Beneath this line sits some data. Return only its lines from the one holding "The British Museum" through the one holding "CSMFHT via Substack;", inclusive, exactly, with the images removed.
--- ENTRIES SUPPLIED Enclosed Below ---
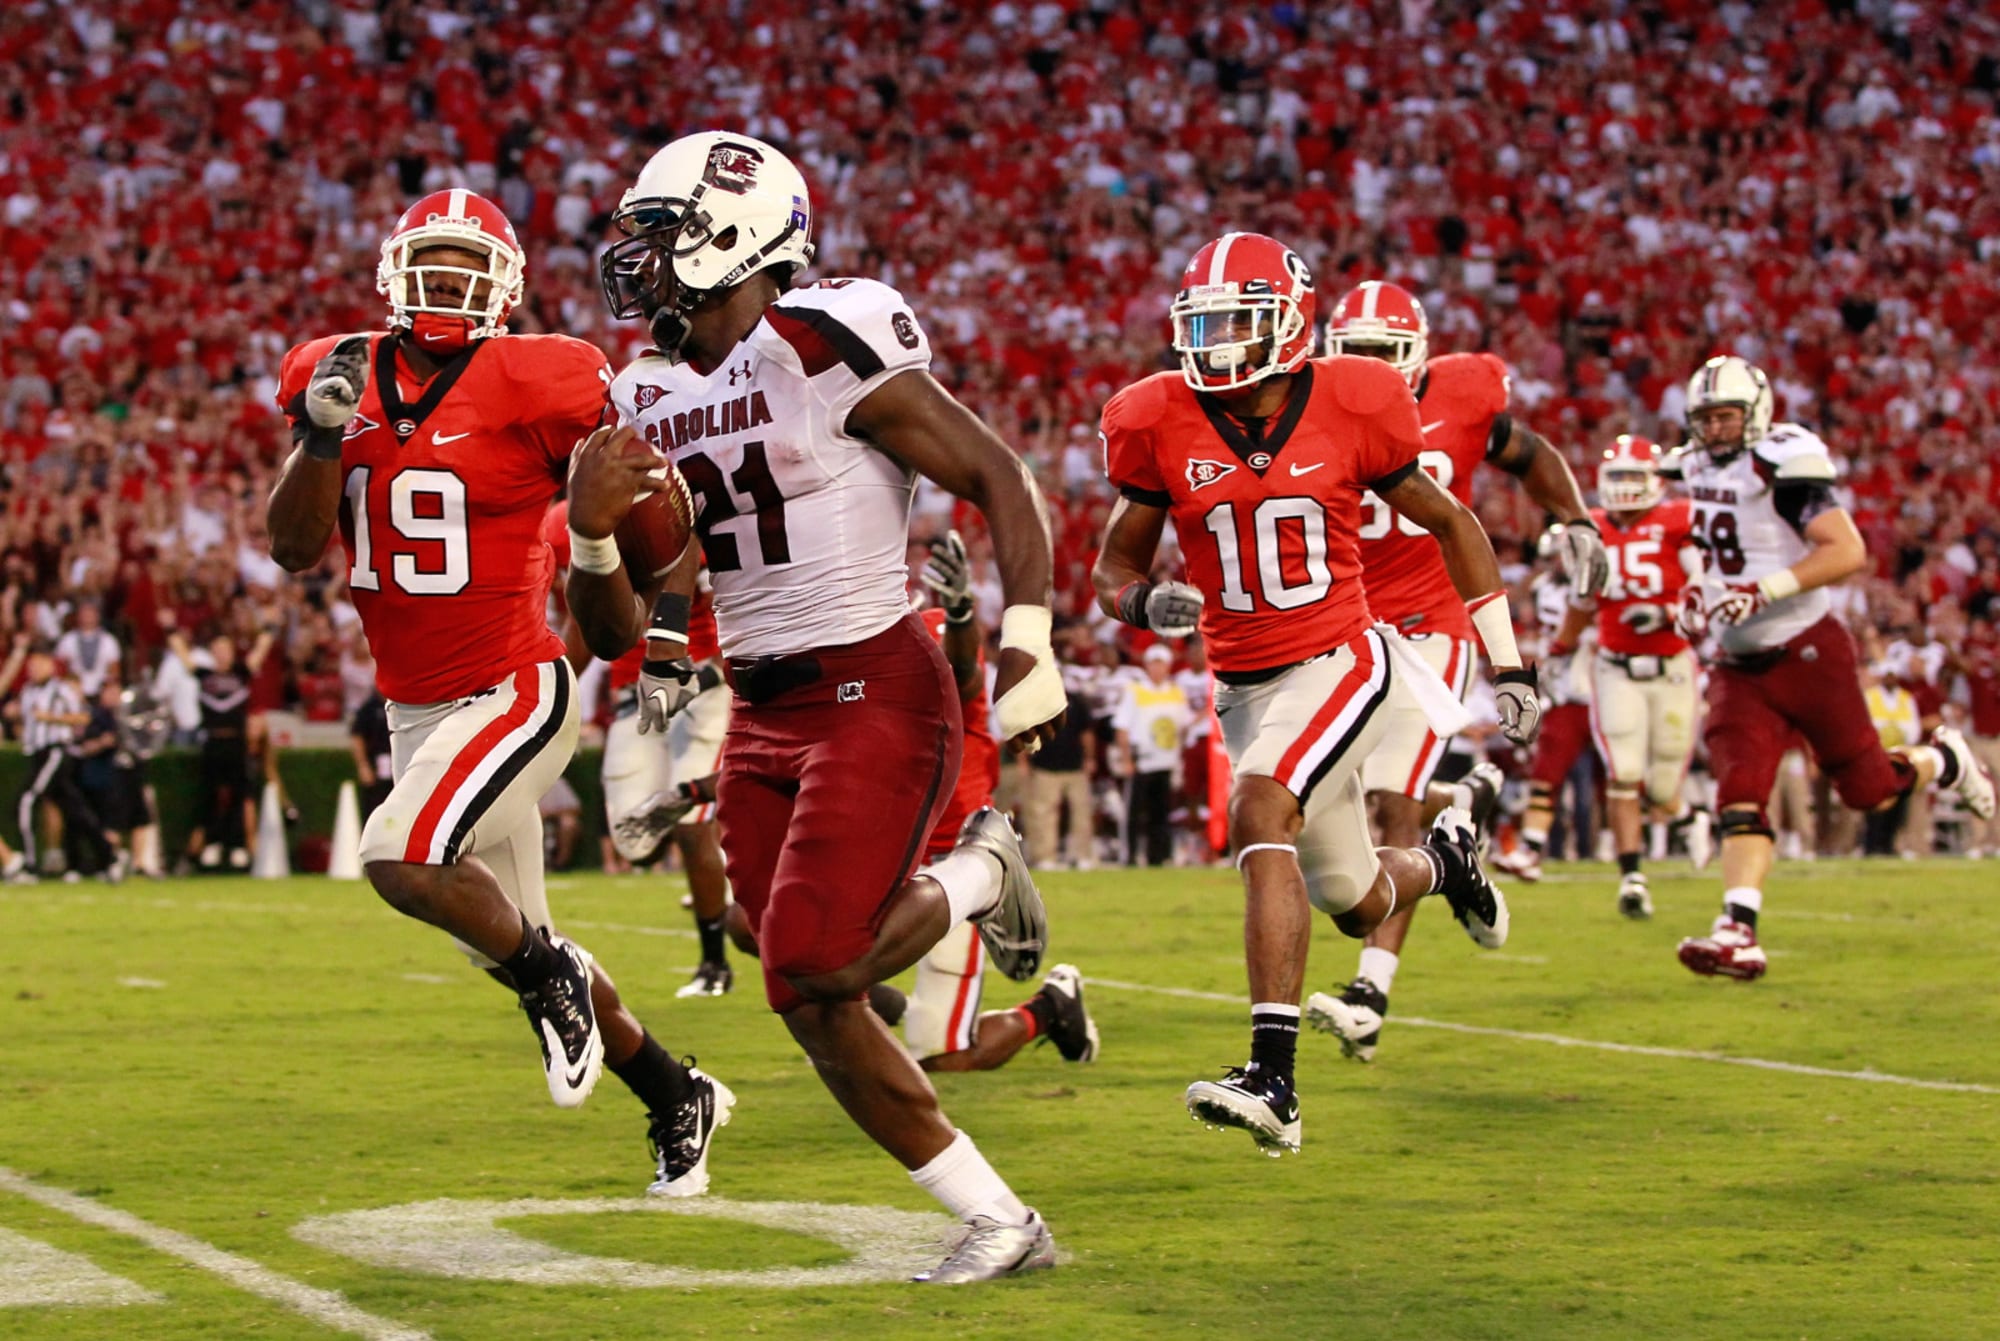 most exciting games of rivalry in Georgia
--- End of Enclosed ENTRIES SUPPLIED ---
--- ENTRIES SUPPLIED Enclosed Below ---
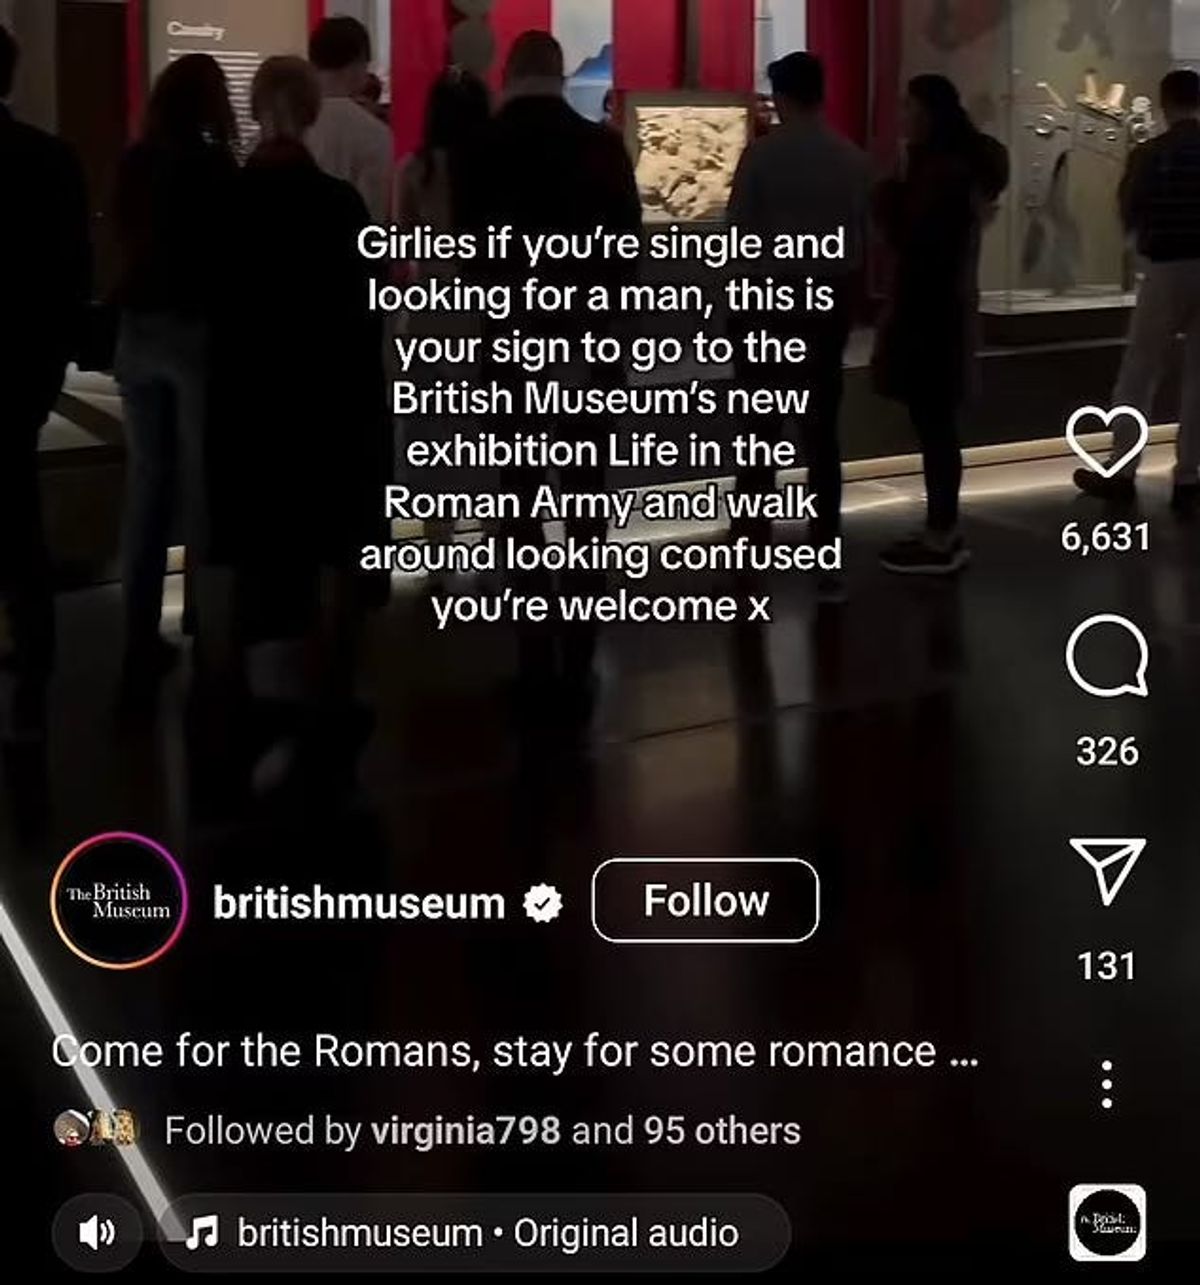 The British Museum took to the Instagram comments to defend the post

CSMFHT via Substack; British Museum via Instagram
--- End of Enclosed ENTRIES SUPPLIED ---
ANSWER TO THE PROBLEM —
 The British Museum took to the Instagram comments to defend the post

CSMFHT via Substack; British Museum via Instagram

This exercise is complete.